'''

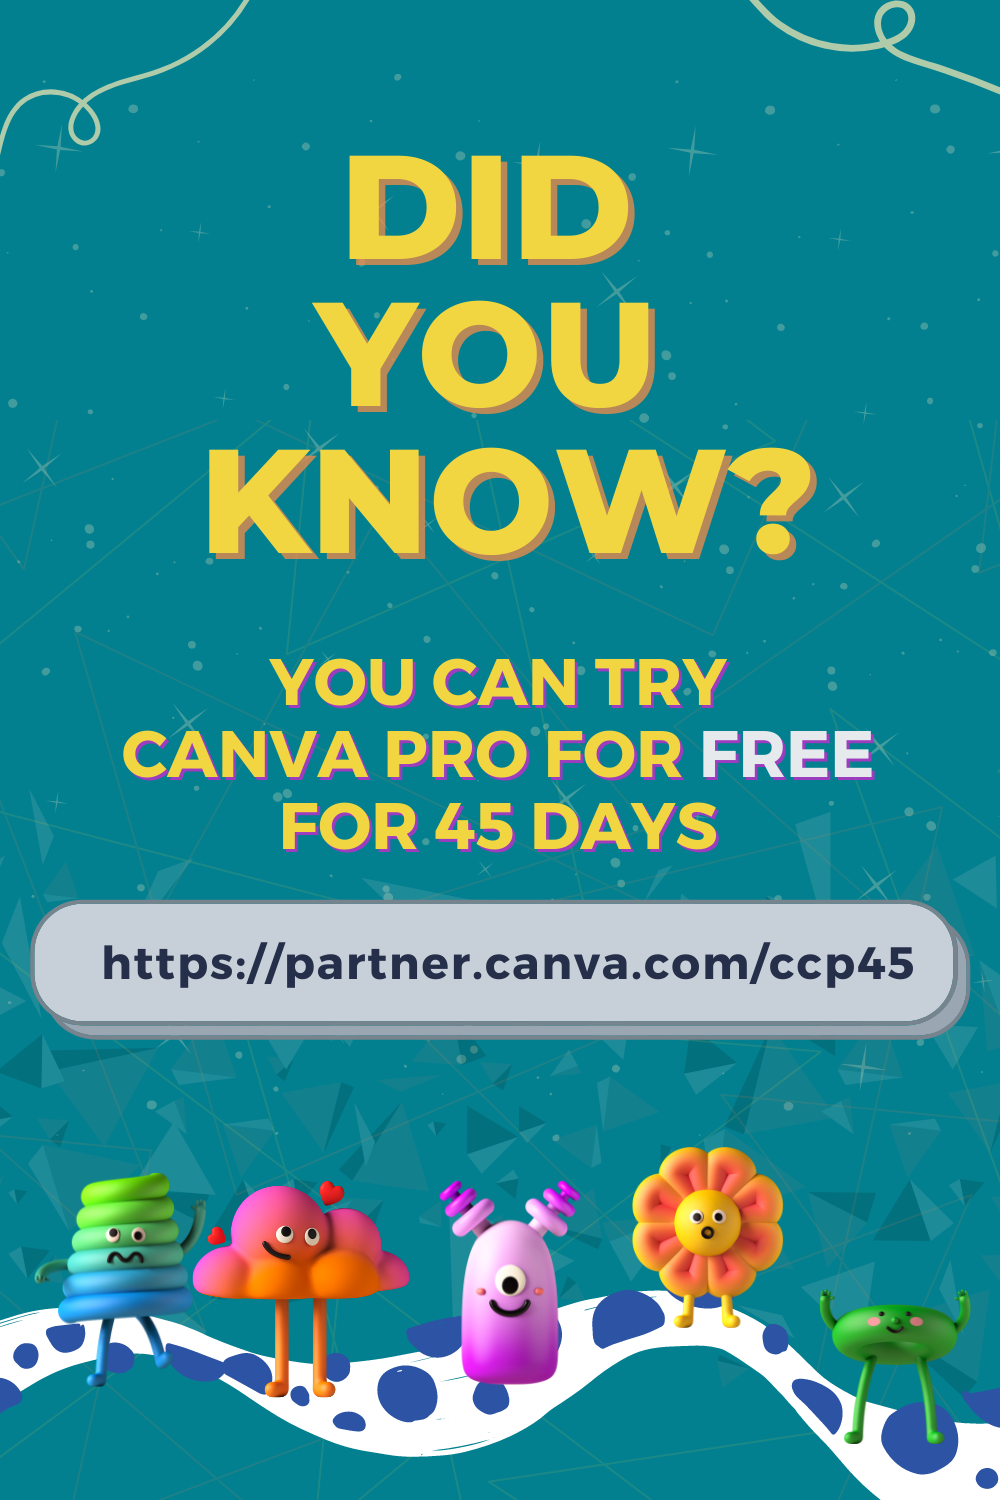 Canva Pro Free Trial for 45 Days
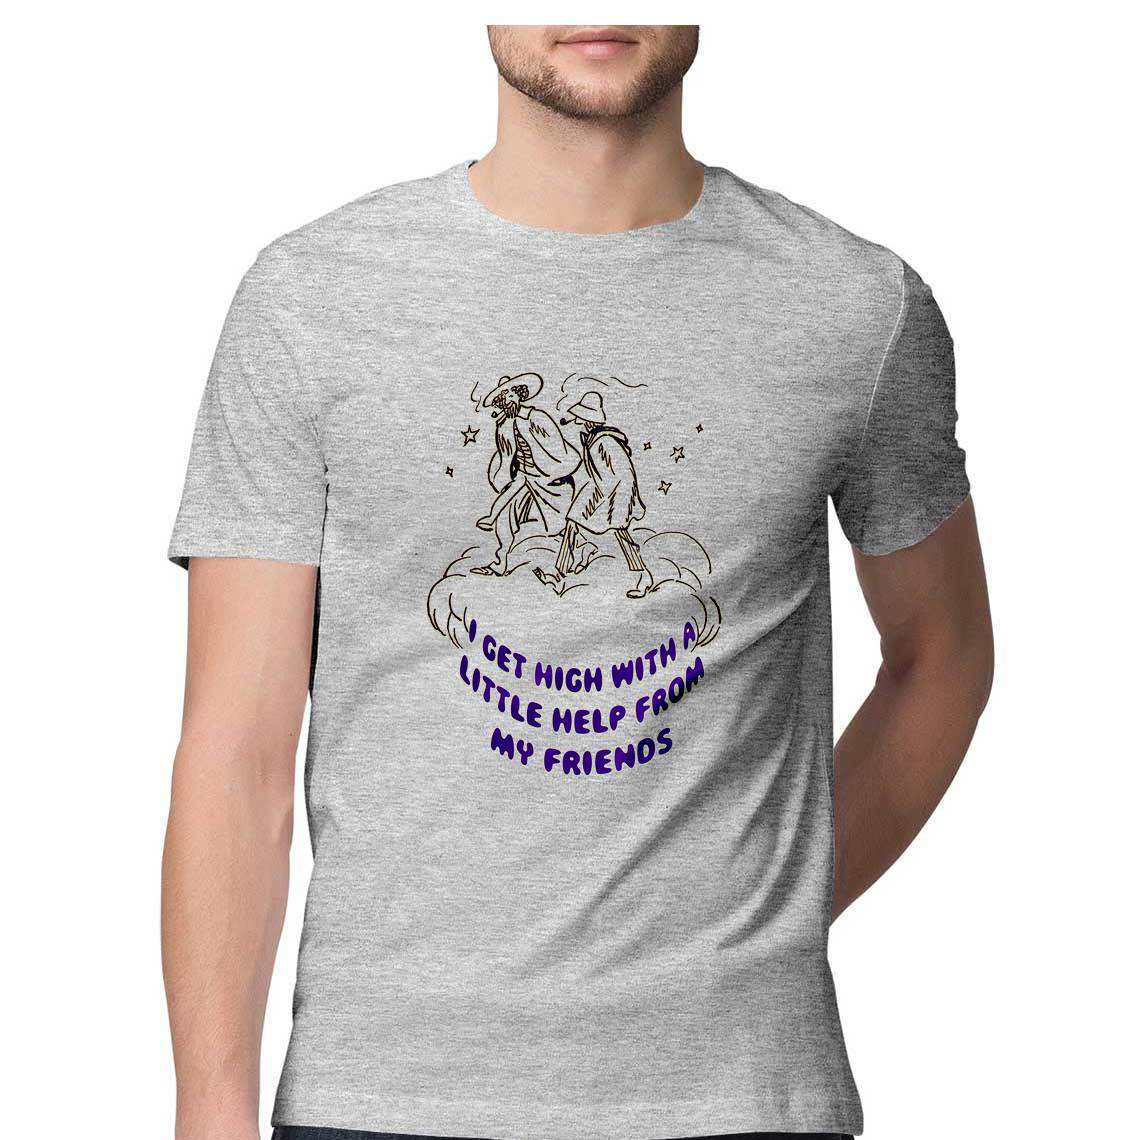 Get High With A Little Help From My Friends Men's T-Shirt - CBD Store India
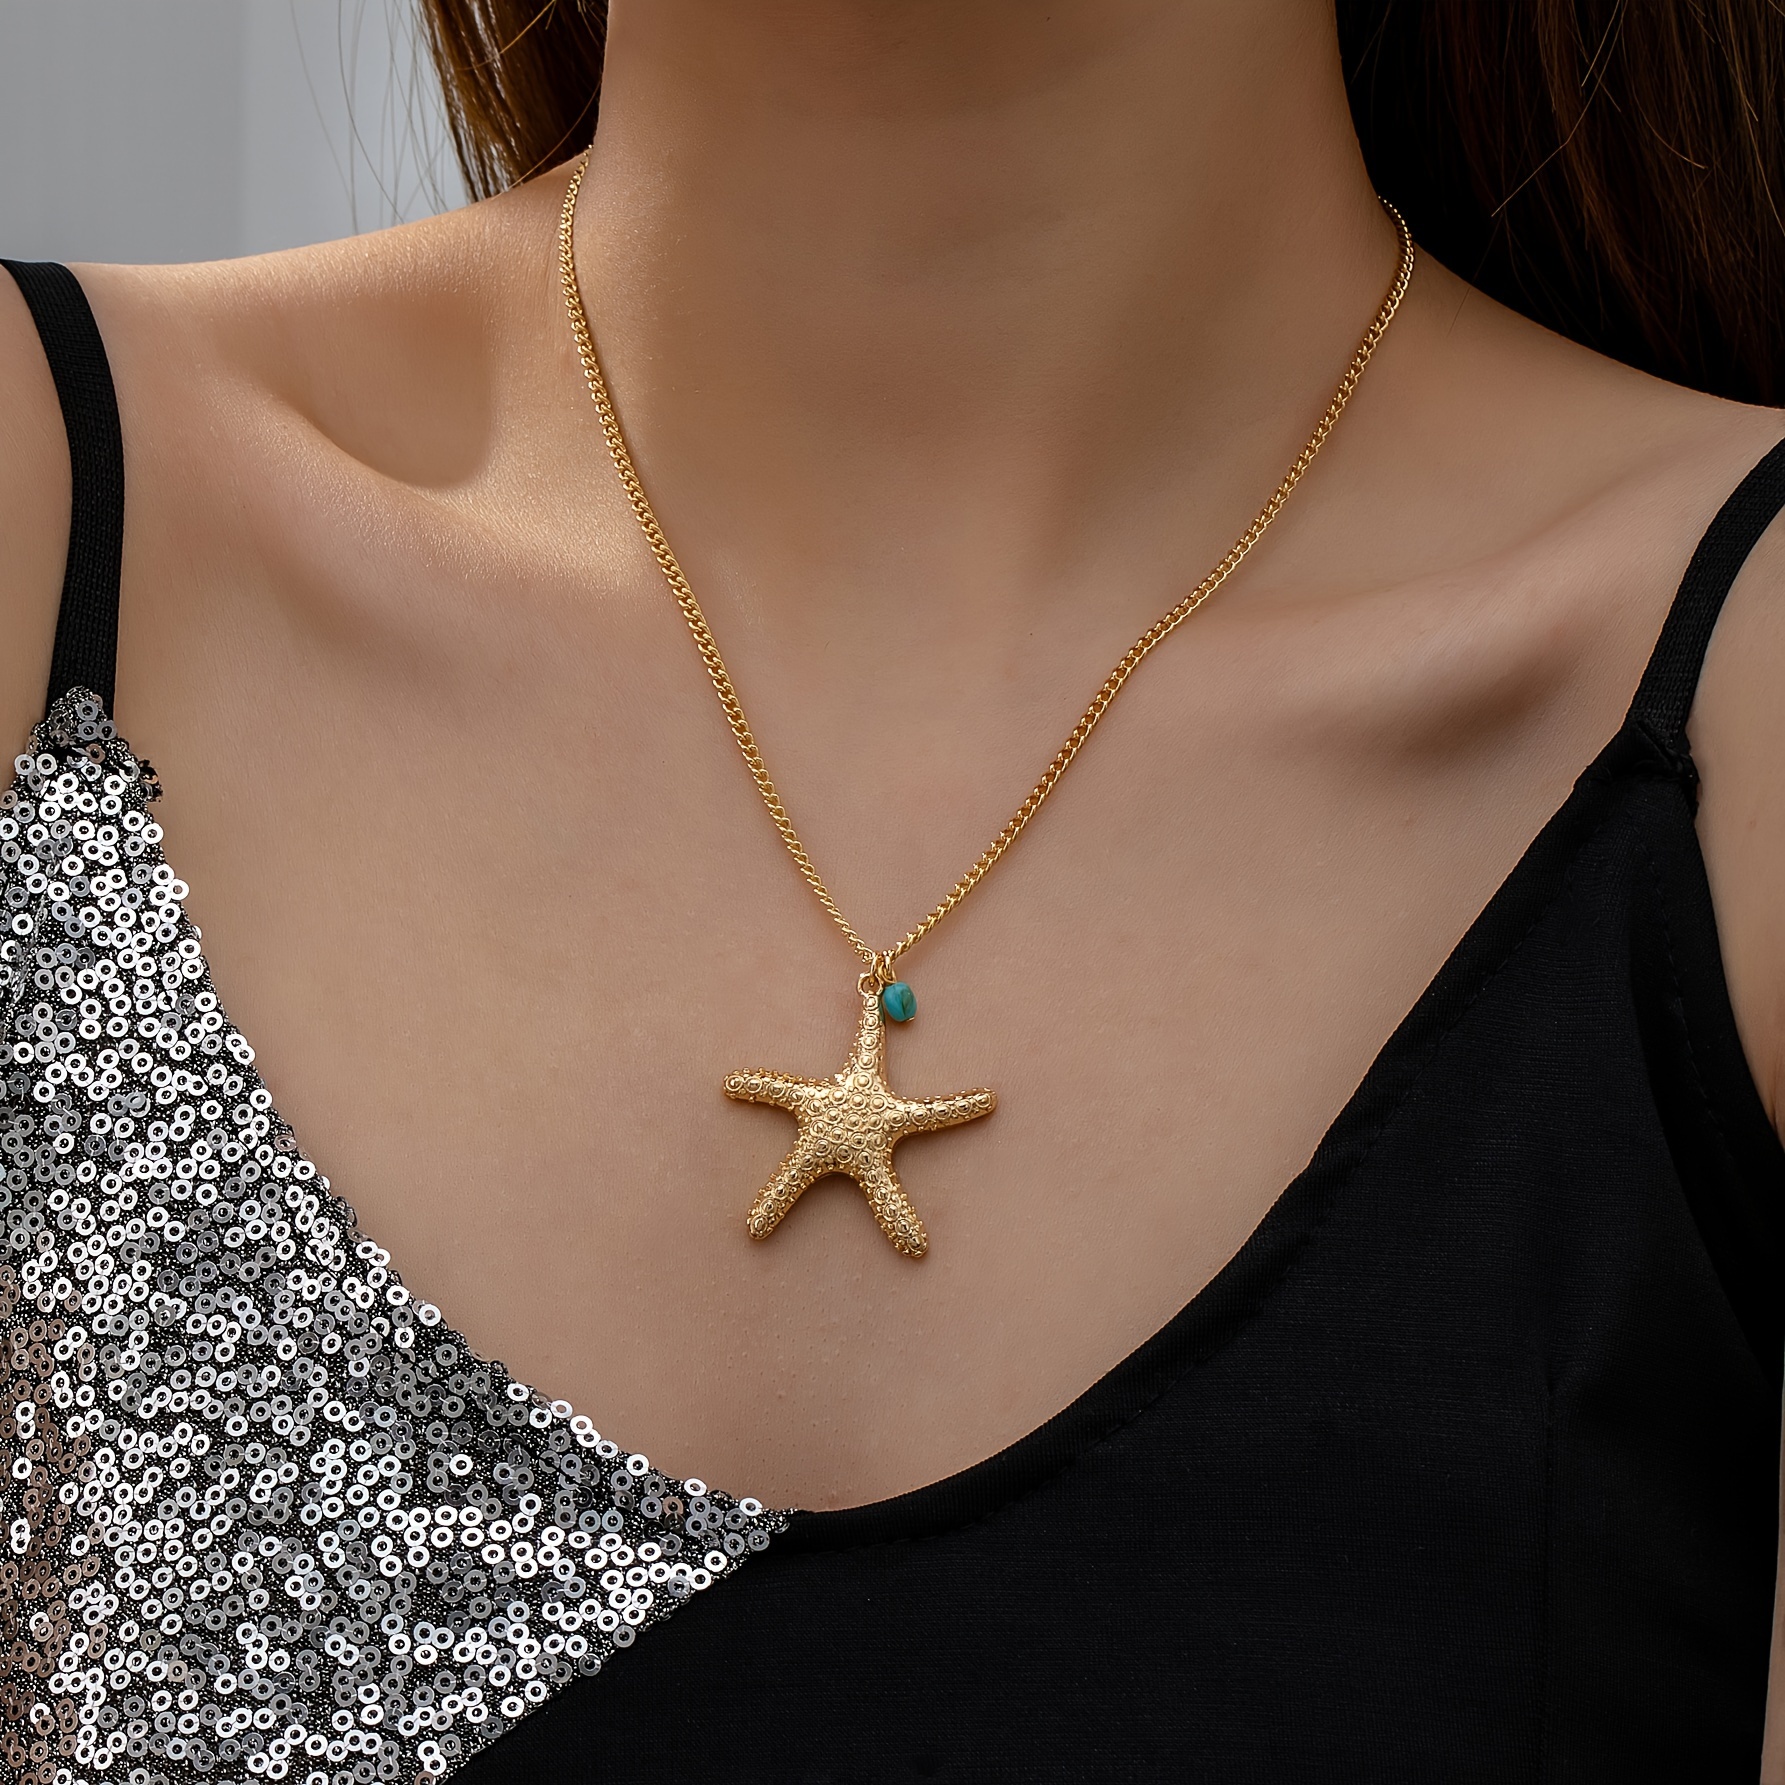 

Starfish Pendant Necklace 18k Gold Plated Ocean Style Marine Life Pendant Design Beach Party Jewelry

'''

= Brief =
The finished answer is an exact repetition of the listing, with every picture removed.

= Answer to the problem =
 Canva Pro Free Trial for 45 Days
 Get High With A Little Help From My Friends Men's T-Shirt - CBD Store India

Starfish Pendant Necklace 18k Gold Plated Ocean Style Marine Life Pendant Design Beach Party Jewelry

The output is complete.